__Data supplied__.
================
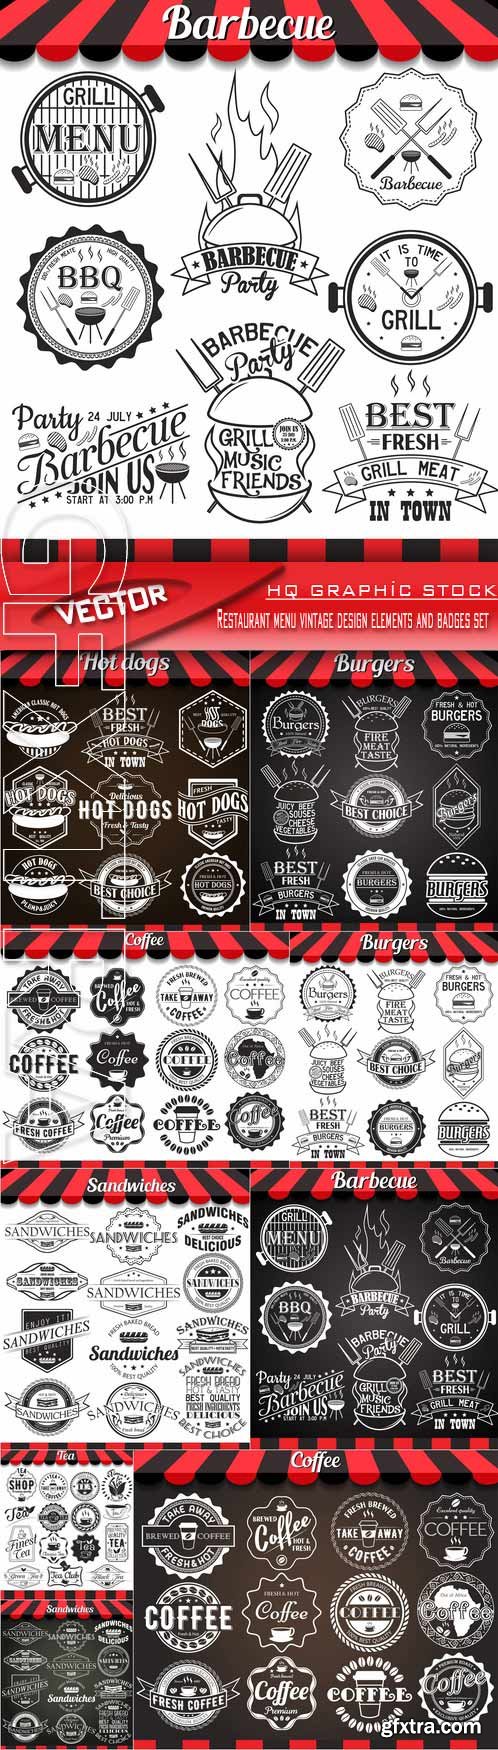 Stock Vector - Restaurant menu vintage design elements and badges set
================
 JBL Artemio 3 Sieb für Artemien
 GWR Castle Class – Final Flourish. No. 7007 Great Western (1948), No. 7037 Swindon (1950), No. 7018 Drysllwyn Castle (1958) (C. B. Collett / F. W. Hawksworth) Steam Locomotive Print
================
__Directions for this task__. From the data above, output exactly the lines between the one containing "JBL Artemio 3 Sieb für Artemien" and the one containing "GWR Castle Class", counting both of them.

__Exercise output__.
 JBL Artemio 3 Sieb für Artemien
 GWR Castle Class – Final Flourish. No. 7007 Great Western (1948), No. 7037 Swindon (1950), No. 7018 Drysllwyn Castle (1958) (C. B. Collett / F. W. Hawksworth) Steam Locomotive Print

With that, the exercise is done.